We start with a certain value of `w` which is our weighs and we keep on updating the value of `w` until we get to a minimum value.


### Updating the weights and bias.

To update the weights `w` and bias `b` we do it as follows in every iteration.

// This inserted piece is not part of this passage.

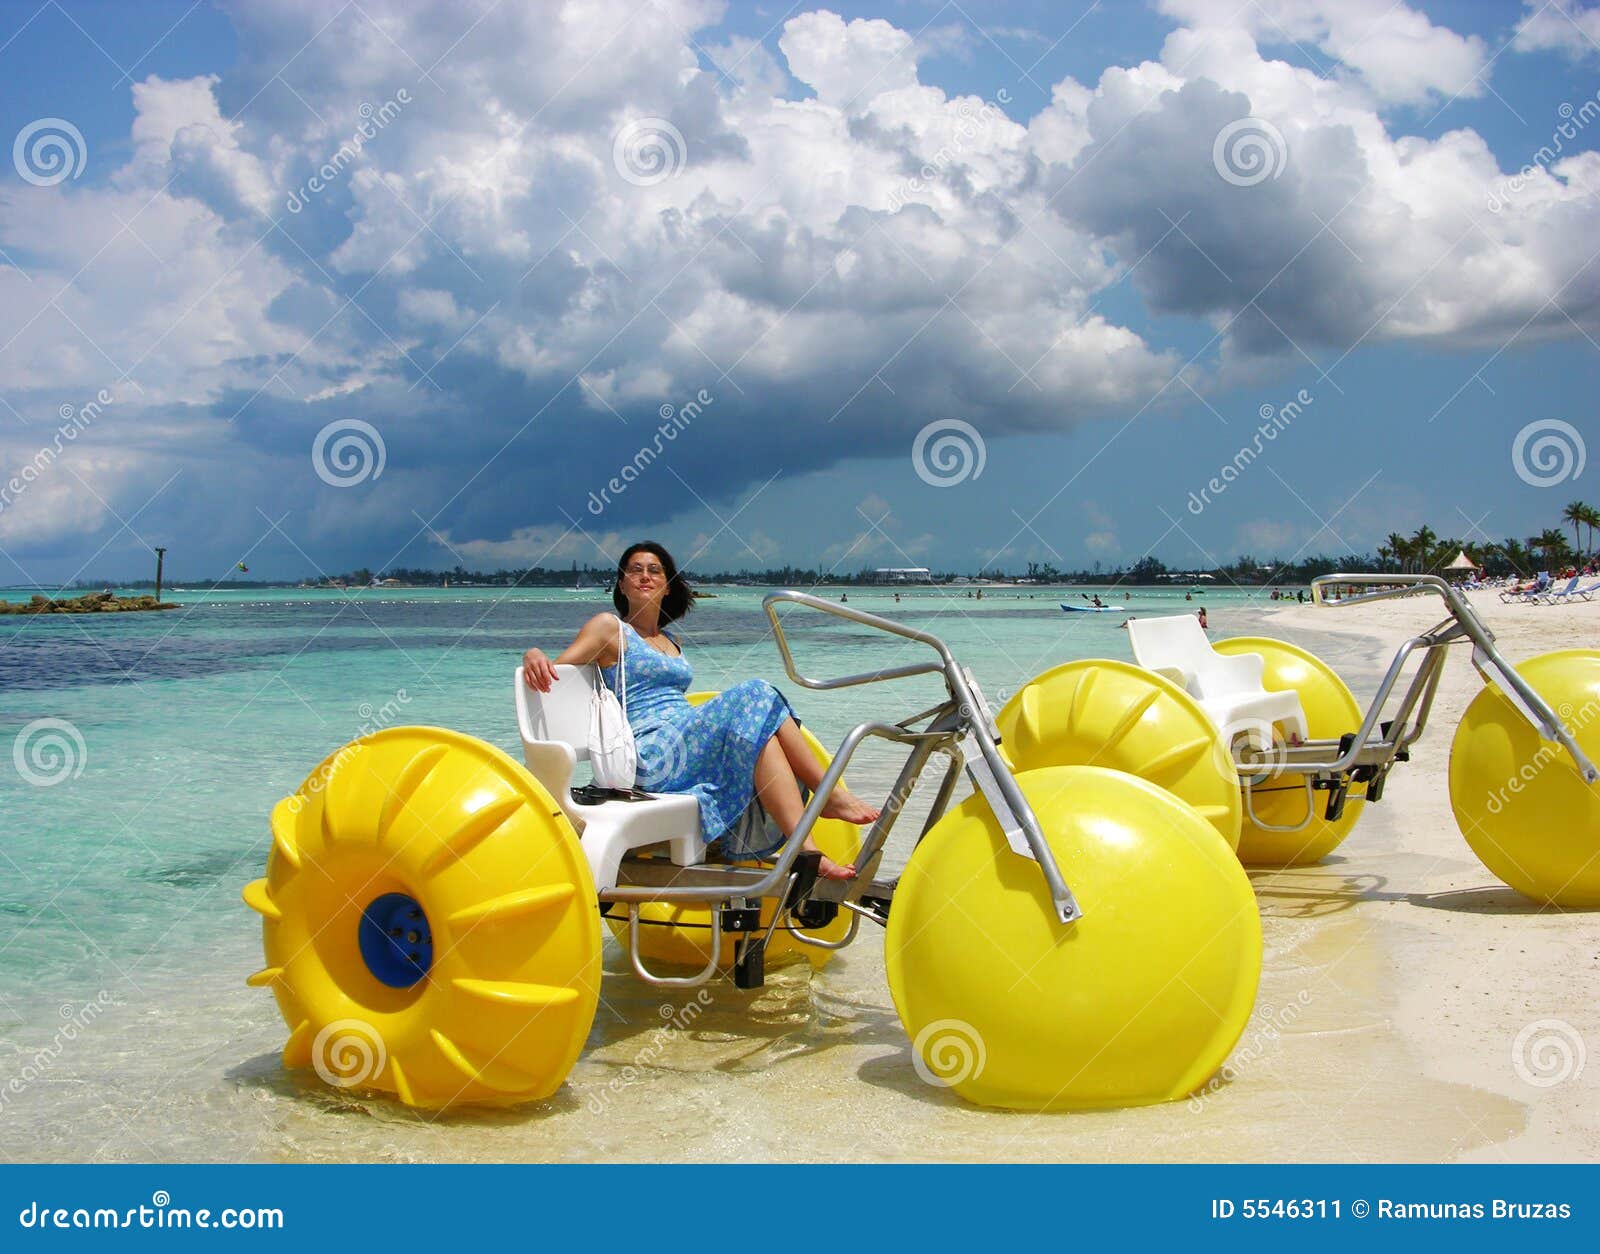 Bicicletas del agua imagen de archivo. Imagen de turistas - 5546311
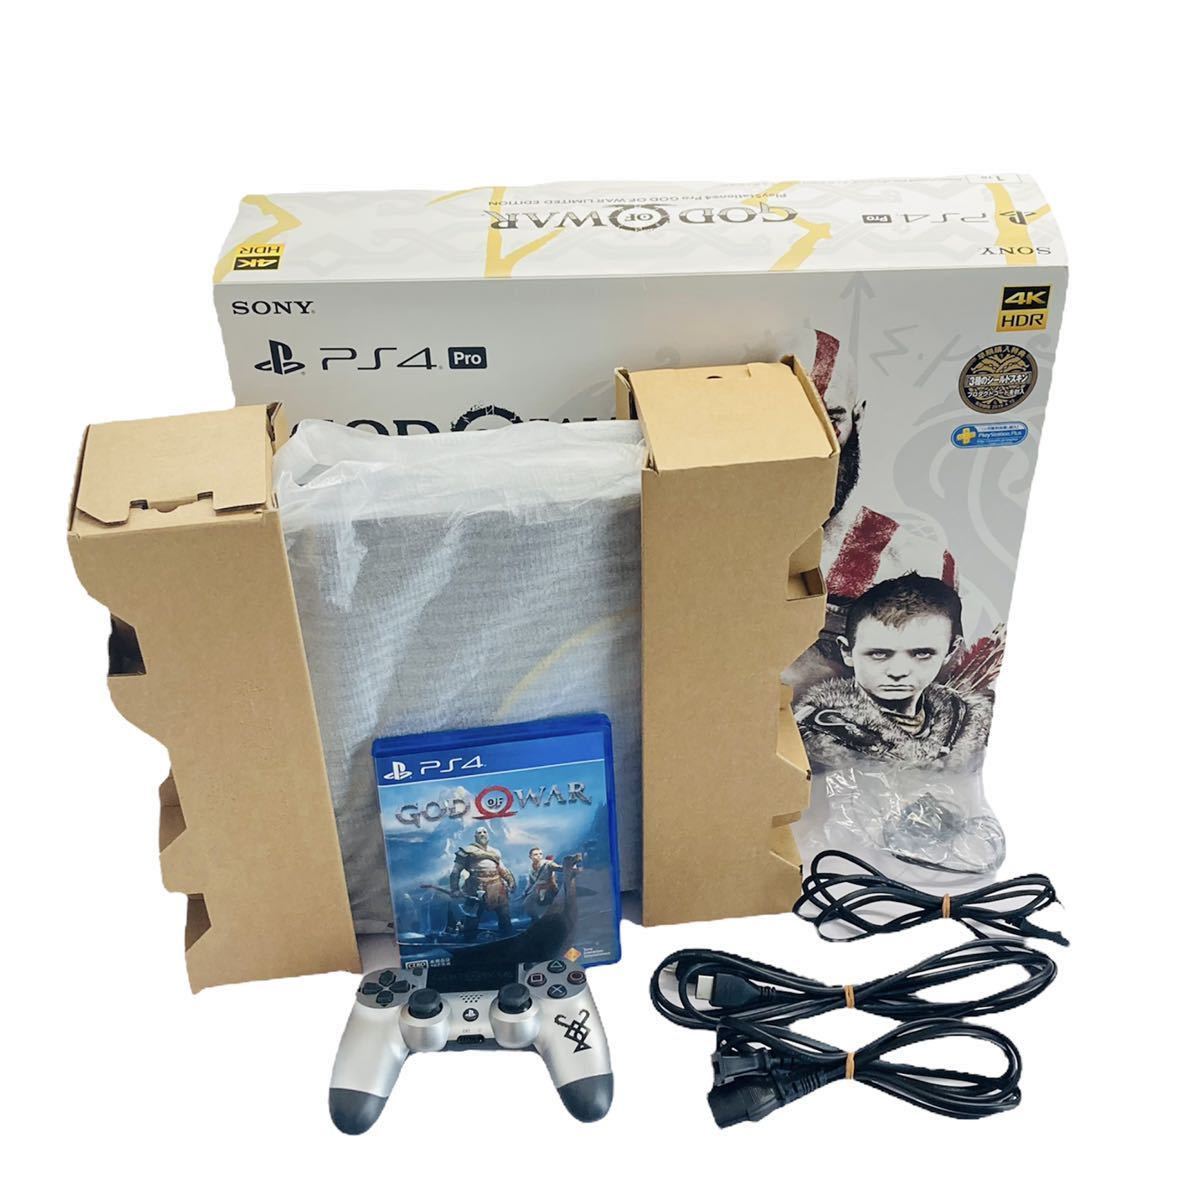 動作確認済】 SONY ゲーム機 本体 PS4 PlayStation4 Pro ゴッド・オブ・ウォー リミテッドエディション 1TB CUH- 7100B

1. $w$ = $w$ - $\alpha$ * $dw$

2. $b$ = $b$ - $\alpha$ * $db$

Where:
* $\alpha$ - is the learning rate
* $w$ - is the weights
* $b$ - is the bias


If `dw` and `db` are simply the derivative of the loss function with regards to the weights and biases. Given the loss function

$J = \frac{1}{m} \Sigma_{i=1}^{m}(y_i - h(x_i))^2$

The derivatives of the loss to the weights (`dw`) and bias (`db`) are equal to:


1. `dw`

$\frac{\partial}{\partial W} J = -\frac{2}{m} \Sigma_{i=1}^{m}(y_i - h(x_i)) * x_i$


2. `db`


$\frac{\partial}{\partial b} J = -\frac{2}{m} \Sigma_{i=1}^{m}(y_i - h(x_i))$


### Implementation


In [1]:
import numpy as np


In logistic regression unlike in the linear regression we can be able to calculate the accuracy between observed labels and predicted labels. We can use classification metrics to measure the performance of the algorithm such as confusion matrix, accuracy, etc.

In [2]:
class LogisticRegression:
  def __init__(self, lr=0.001, n_iters=10000):
    self.lr = lr
    self.n_iters = n_iters

  def fit(self, X, y):
    n_samples, n_features = X.shape

    """
    you can initialize with random numbers
    """
    self.w = np.zeros(n_features)
    self.b = 0

    # gradient descent
    for _ in range(self.n_iters):
      linear_model = np.dot(X, self.w) + self.b
      y_predicted = self._sigmoid(linear_model)
      # y= mx + b

      # compute dw and db (gradients)
      dw = (2 / n_samples) * np.dot(X.T, (y_predicted - y))
      db = (2 / n_samples) * np.sum(y_predicted -y)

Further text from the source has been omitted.